The Minister wants to tackle the problem. He says he will close schools and consolidate students into fewer school buildings. That makes sense. But, for Bermuda, it is radical change and it will cost jobs.
School closures
The fact that in the Department of Education, some jobs are likely to be lost, adds a one ton weight to the Minister’s anchor. The fact that he wants to shut down some schools — clearly an obvious and unavoidable choice —creates a second one ton weight to that anchor.
So the Big Man is now dragging a two-ton anchor.
Educational standards must be raised. That means that some less effective teachers must be let go. That’s the third ton added.
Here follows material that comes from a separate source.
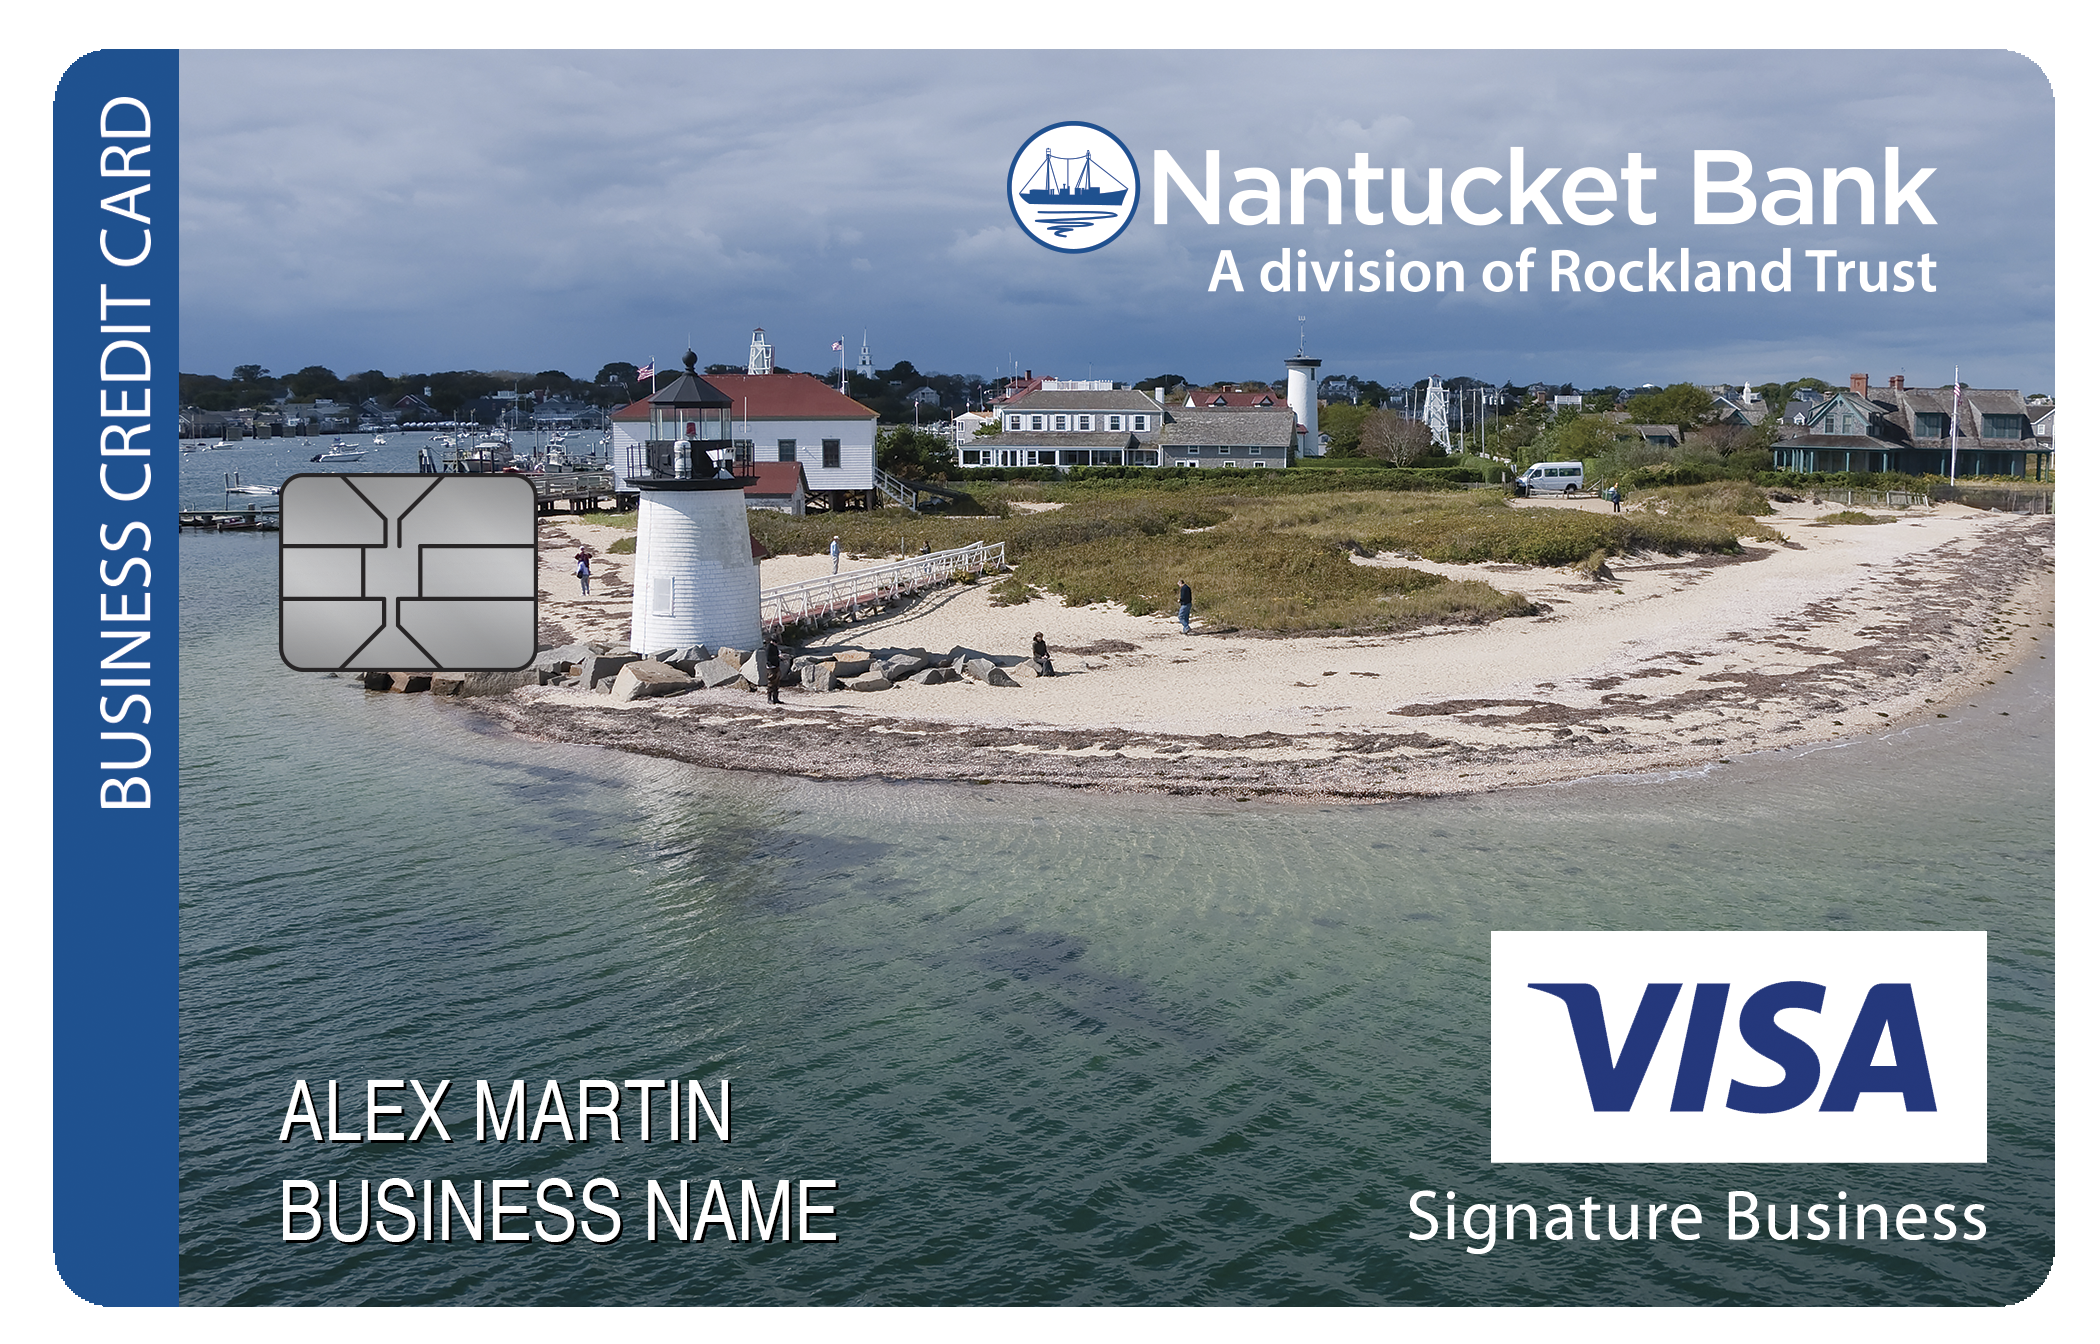 Nantucket Bank Smart Business Rewards Card

Finally, the state of Bermuda’s national finances dictates that — sooner or later, with sooner being far better — there must be a reduction in government spending. This means that the Big Man must really cut expenditure on Public Education while improving the quality of delivery of that education. That creates the fourth ton.
So now the Big Man stands, almost alone, chained to a four-ton anchor, facing a public that wants improvements in the public education system; an Education Ministry that wants to preserve jobs; a public that will selfishly object to the school that is nearest being closed — which means that every school closure will meet vigorous local opposition; and a government financial state that will arbitrarily reduce his spending power thus forcing spending cuts on him anyhow.
I pity the Big Man. But I also support the Big Man. ‘Big El’ — dig in and pull!